The trouble is there are no quick solutions to Pfizer’s woes. The pandemic provided a once-in-a-lifetime windfall. Sales more than doubled and net income tripled between 2020 and 2022.

That success set a high bar that Pfizer could not meet. Its valuation at 11 times forward earnings is in line with its 10-year historical average. However, it is a fraction of Eli Lilly’s 42 times.
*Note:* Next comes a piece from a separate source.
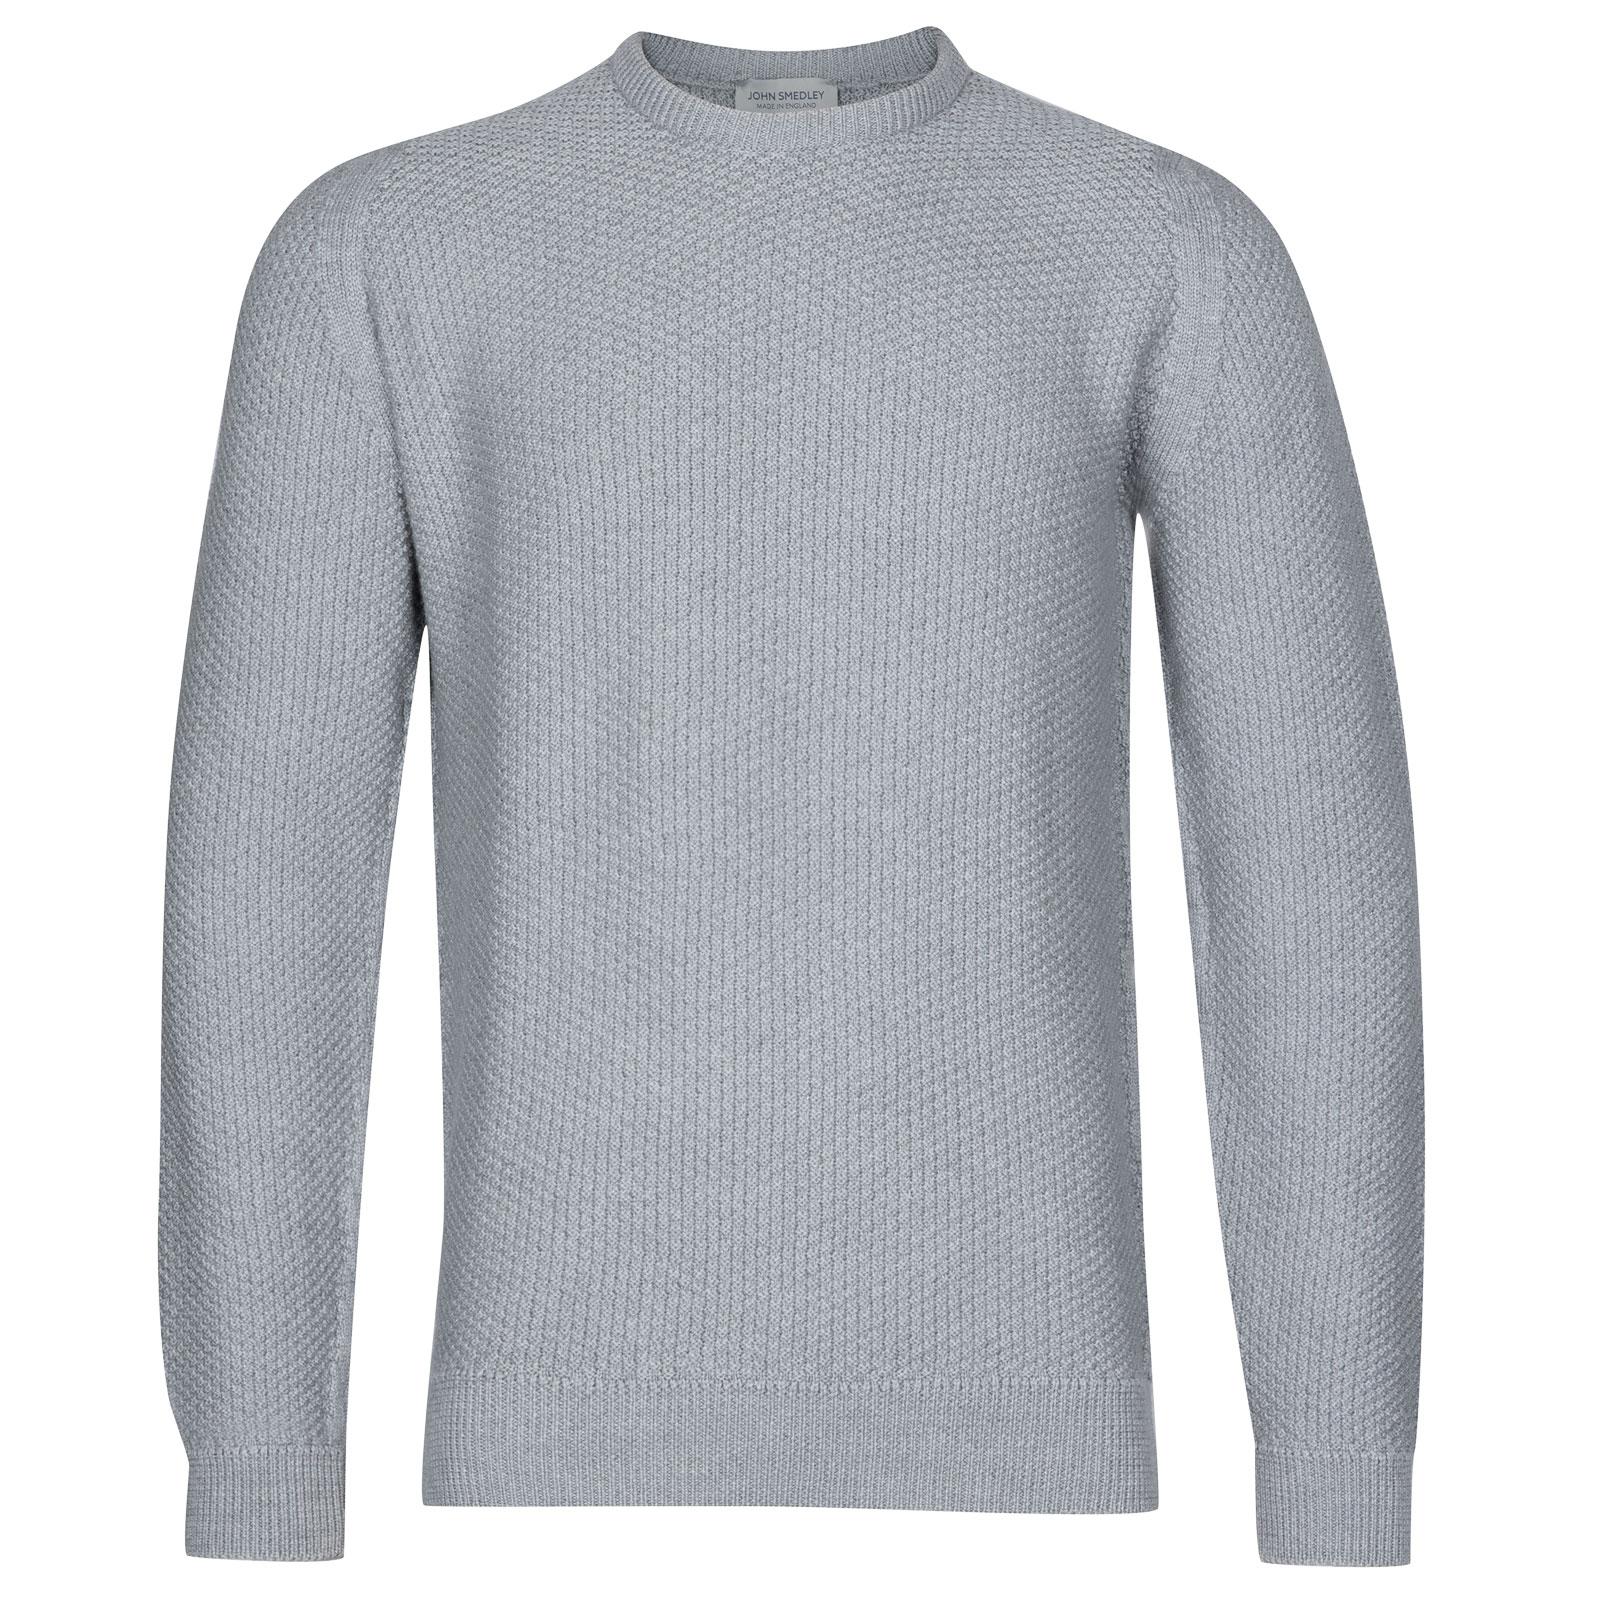 John Smedley 8Singular Merino Wool Pullover in Bardot Grey-XXL

That gap reflects Pfizer’s failure so far to find an anti-obesity treatment for its portfolio.

Line chart of Share prices rebased showing Pfizer shares have underperformed

Albert Bourla, who was handpicked by Read to be his successor and took over in 2019, has binged on overpriced deals. These include Seagen, the lossmaking cancer biotech bought last year for $43bn, including debt. Pfizer expects Seagen drugs to generate $10bn in annual sales by 2030. That compares with the $58.5bn Pfizer pulled in last year.

Bourla’s big bet on cancer drugs could still pay off. But investor patience is in short supply, especially after Pfizer abruptly withdrew Oxbryta, a sickle cell disease treatment, from the market last month. The drug was the centrepiece in Pfizer’s $5.4bn acquisition of Global Blood Therapeutics in 2022.

Pfizer’s return on capital has fallen from more than 19 per cent in 2022 to 2.2 per cent last year, according to figures from S&P Global Market Intelligence. In response, Boula has announced big cost cuts — $4bn this year and another $1.5bn between 2025 and 2027.

Activist involvement could usefully impose more discipline. But swearing off portfolio development is not an option in innovative pharmaceuticals. Pfizer has already streamlined its business, shedding consumer health and its off-patent drugs unit. Sometimes it is easier to identify the symptoms of an ailment than prescribe an effective cure.